We celebrated our tenth anniversary last July, shortly before we celebrated Ben’s eleventh year of sobriety. When we toasted our happy family at the funky beachside restaurant on Lake Michigan, there was pop in his glass and beer in mine.

Part of our healing process was rediscovering that we are two separate people. I could support Ben in his sobriety, but I could not do it for him. After a great deal of conversation and prayer, we decided it was safe for me to drink again, after eight years of prohibition.

I had finally admitted that I actually wanted to drink. It seemed silly and dangerous – my husband’s sobriety for a craft beer? – but at the same time it felt powerful and freeing and healthy. I was not trading my husband’s sobriety for a fleeting pleasure; his sobriety had long since been extricated from mine. He was stronger – so much stronger – and most importantly, he had relearned how to walk the steps that have been a life-saving grace for so many formerly-stumbling drunks.

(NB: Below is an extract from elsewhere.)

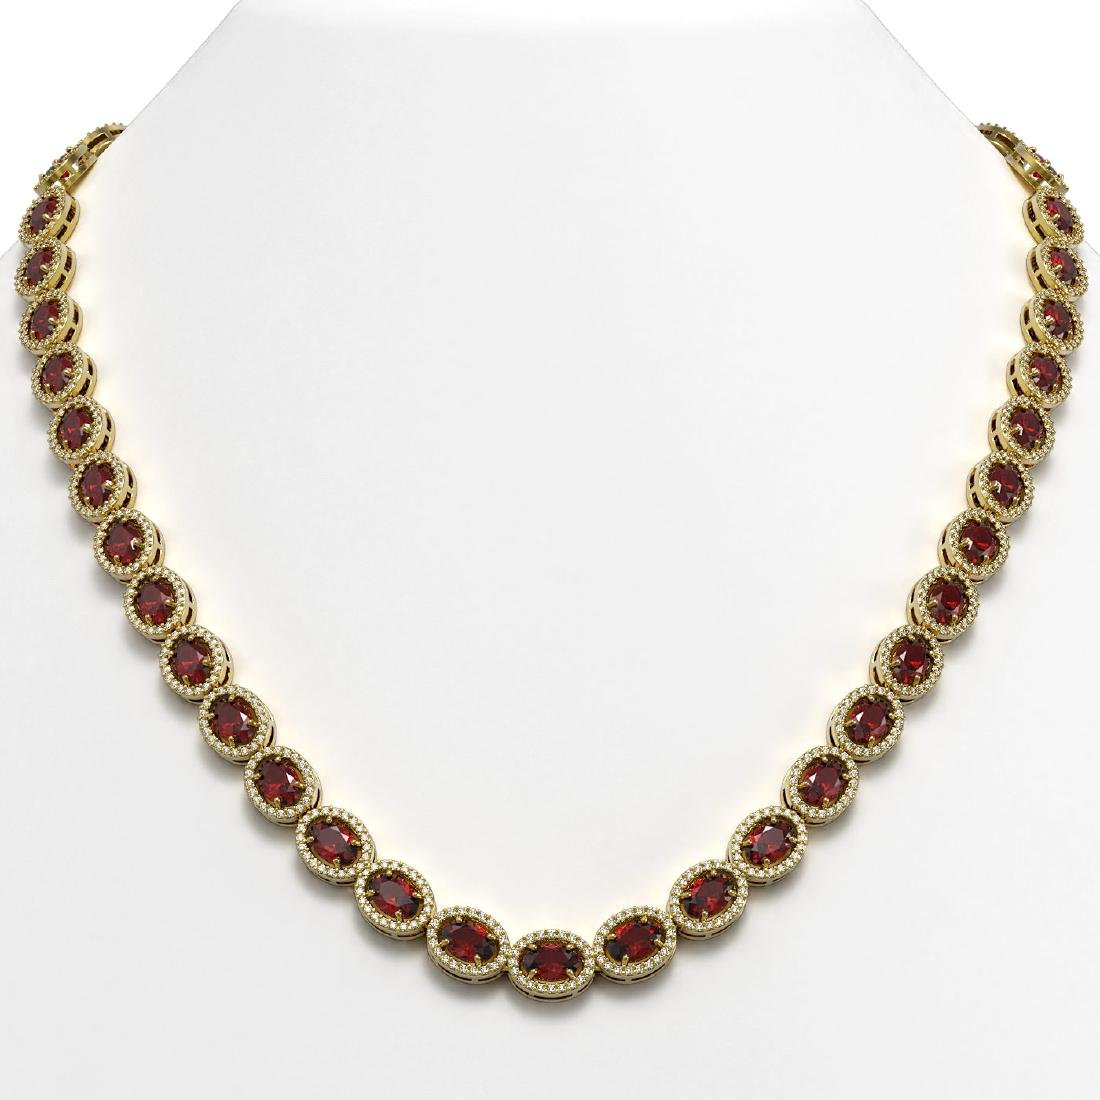 32.82 CTW Garnet & Diamond Halo Necklace 10K Yellow

Last night while Ben was at his weekly meeting, I opened a new winter porter. I am unsurprisingly nerdy about my drinking. I want to learn all I can about brewing processes, and drink what the connoisseurs declare sublime. I was curious about this porter, and took to the internet to find more information. The brewery referred to it as nourishing. I found this moving and wonderfully familiar. The same drink that is poison to my husband is nourishing to me. The same drink that could have killed my beloved Ben gives me joy.

I used to despise and distrust the story of Jesus turning water into wine. It struck me as an unnecessary betrayal of my husband. But now I rejoice in the biblical miracle, and the miracle we have witnessed in our marriage: Ben’s whiskey turned into Coca-Cola. My water turned into ale.


And thanks be to God.


  1. I love how succinctly but warmly you laid out the journey of your marriage so far. I can’t imagine all of the heavy conversations and emotional complications that must have been involved, but the end result–discovering that you are two separate people and cannot fight the other’s personal battles–is so refreshing. Grace for you, grace for him.

  2. Oh, how I love this. “Ben’s whiskey turned into Coca-Cola. My water turned into ale.”

    Katherine, your story is so similar to that of an older couple that’s very close to our family, and it’s so affirming to see their journey mirrored back to me in your own, in such beautiful, wise, and grace-filled words.

    Thanks for that.

    • Thank you, Anne. It is amazing to realize how many people can tell real stories of healing and recovery – of bodies, of spirits, of marriages.

  3. I am smiling over here – in wonder at God’s goodness and how wonderfully specific it is to each of our funky hearts, and in sheer delight at how beautifully you told this story.

    • Thank you. I really loved writing this one, to be honest. This is one of my favorite stories to tell.

  4. I’m smiling, too, Katherine.

    Marriage is hard; I envy (and can’t help but be skeptical) those who seem to never lose the honeymoon.

    When you fight for it, grow through it, know who you are as an individual and as one, those are the best of times.

    Is it wrong that I loved your graphic? :)

  5. Agreeing with Amanda on this one, Katherine. Congratulations for working through the tough stuff and ‘graduating’ to acceptance and individuality within companionship and partnership. Killer combo!

  6. Reading your blog was like a mirror of my first marriage. I grew up in an alcoholic family and carried on the “family tradition”. My wife had no clue to the Hell she said “I do” to. Once I turned back to God, he took me off the booze and became my pain killer.

    During the last three years of her life were the best and worst of our lives. Her illness brought an openness and intimacy into our marriage and the strain taxed my physical and emotional limits.

    I remarried without the baggage I brought to the first, and our life is amazing. God helped me heal emotionally and I not having a “need” for pain killers, enjoy an occasional glass of wine with Connye. At ten years, we revel in each other’s presence.

    Continue to enjoy your “honey moon” encouraging other’s it can happen for them also. God bless.

    • Thank you for sharing your story, Gary. I am so glad you have experienced healing and joy, despite the wounds and losses you have sustained. God bless you and Connye, too.